Particulars (₹ million) FY23 FY24 FY25 H1FY26
Revenue 9,570 14,830 20,600 12,232
Operating Profit 1,970 3,340 5,320 3,385.8
Operating Margin (%) 21.00% 23.00% 25.80% 27.20%
Net Profit 1,490 2,710 4,260 2,640.8
Net Profit Margin (%) 15.60% 18.30% 20.70% 21.20%
Cash Flow from Operations (CFO) 330 -260 970 1,944.20
CFO / PAT 0.22x -0.1x 0.23x 0.73x
Source: Company Financial Report

The company reported steady revenue growth over the last 3 years, due to improving project execution.

Operating and net profit margins expanded reflecting better cost control and lower debt levels.

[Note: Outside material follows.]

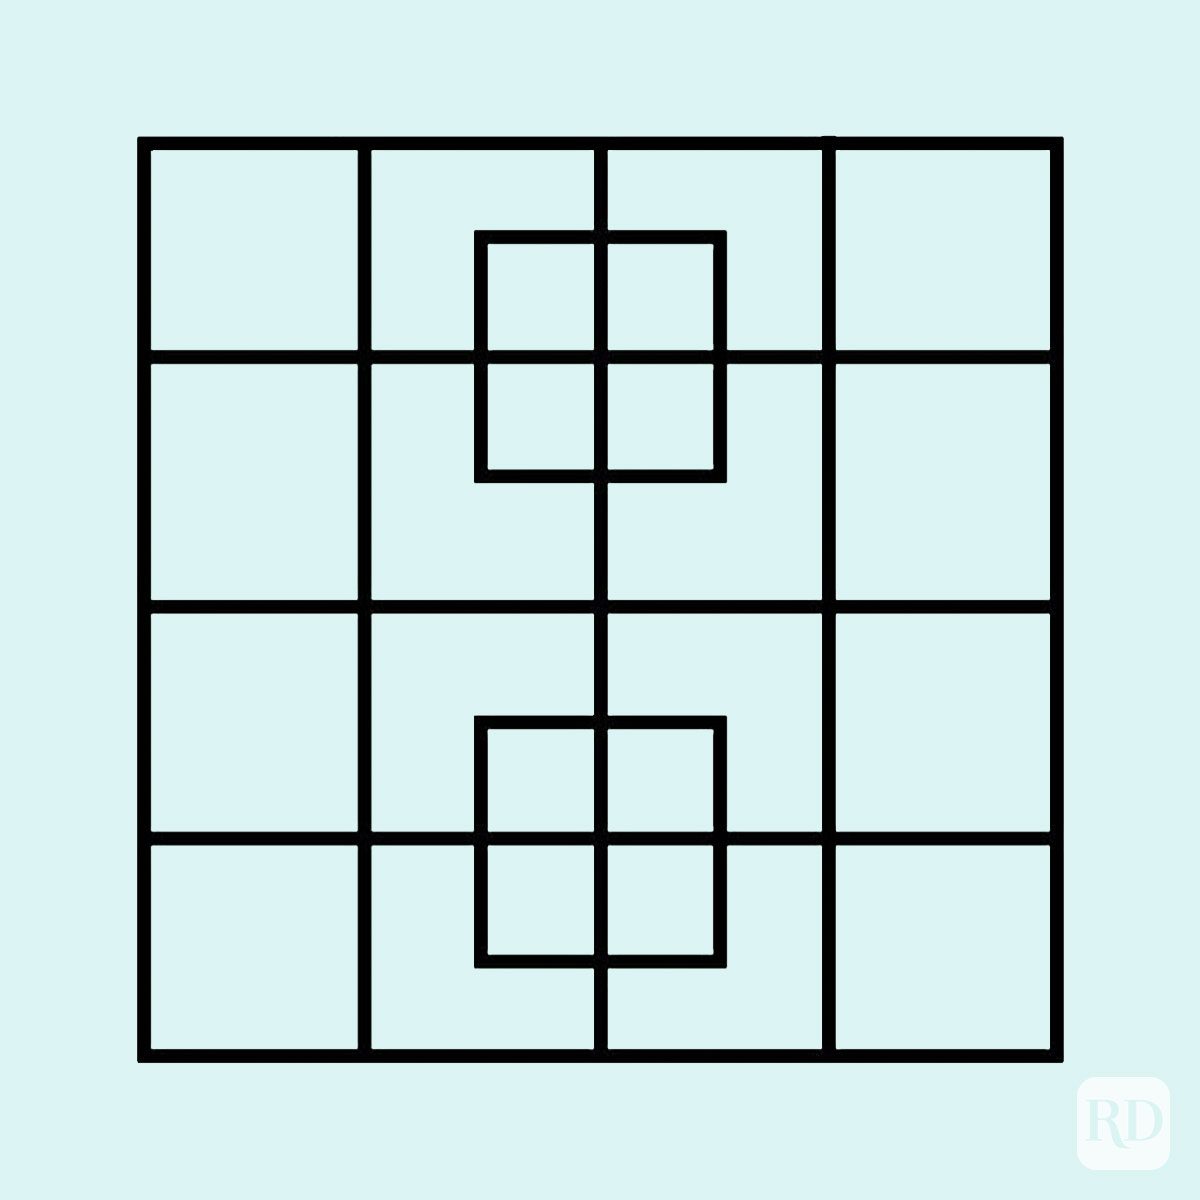 14 Visual Brain Teasers And Puzzles That Will Leave You Stumped How Many Squares Do You See In This Puzzle Graphic
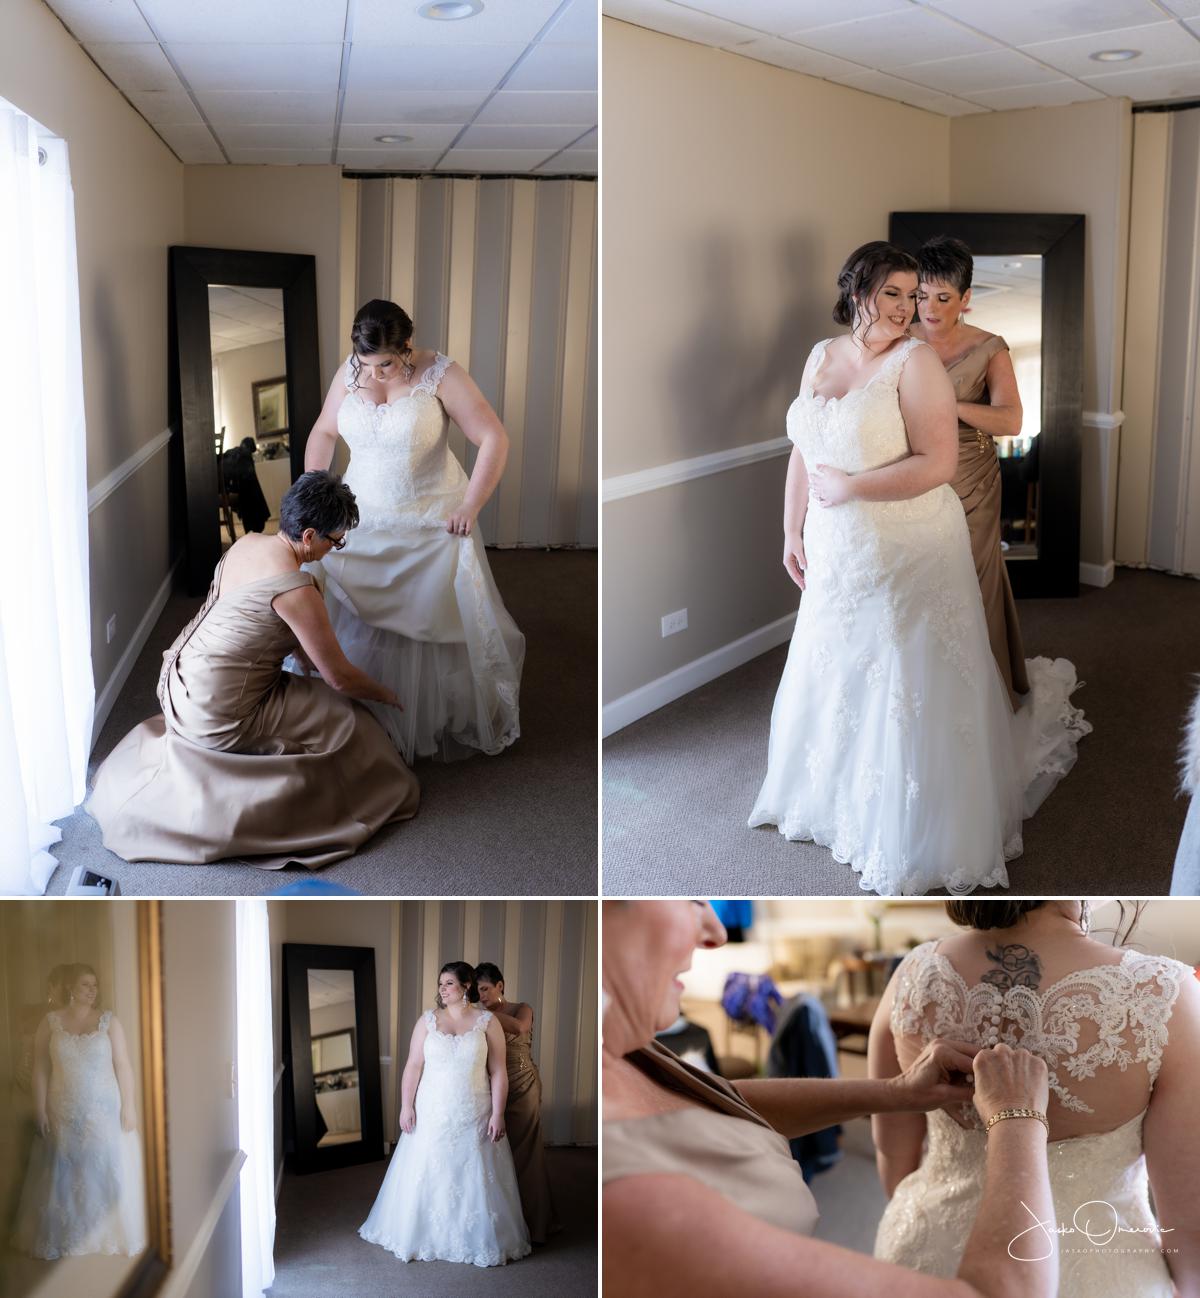 mother of the bride helping her get ready

Cash flows were volatile during the expansion phase, but H1 FY26 shows a clear improvement, with operating cash flow covering a larger share of net profit.

Other High-Impact Sectors Around Budget 2026

While tourism, hospitality, and Realty remain key themes ahead of the Union Budget 2026, investors are also tracking several other sectors in focus ahead of budget.

We have written about Budget-linked themes such as space, defence, capital goods manufacturing, and semiconductors, which readers may also explore for deeper sector-specific insights.

Ultimately, Budget 2026 is a sentiment-driven trigger. Investors should monitor Budget announcements, sector-wise fund allocations, and emerging policy trends.

Over the long term, however, companies with strong fundamentals, sustainable business models, and financial resilience will create lasting value.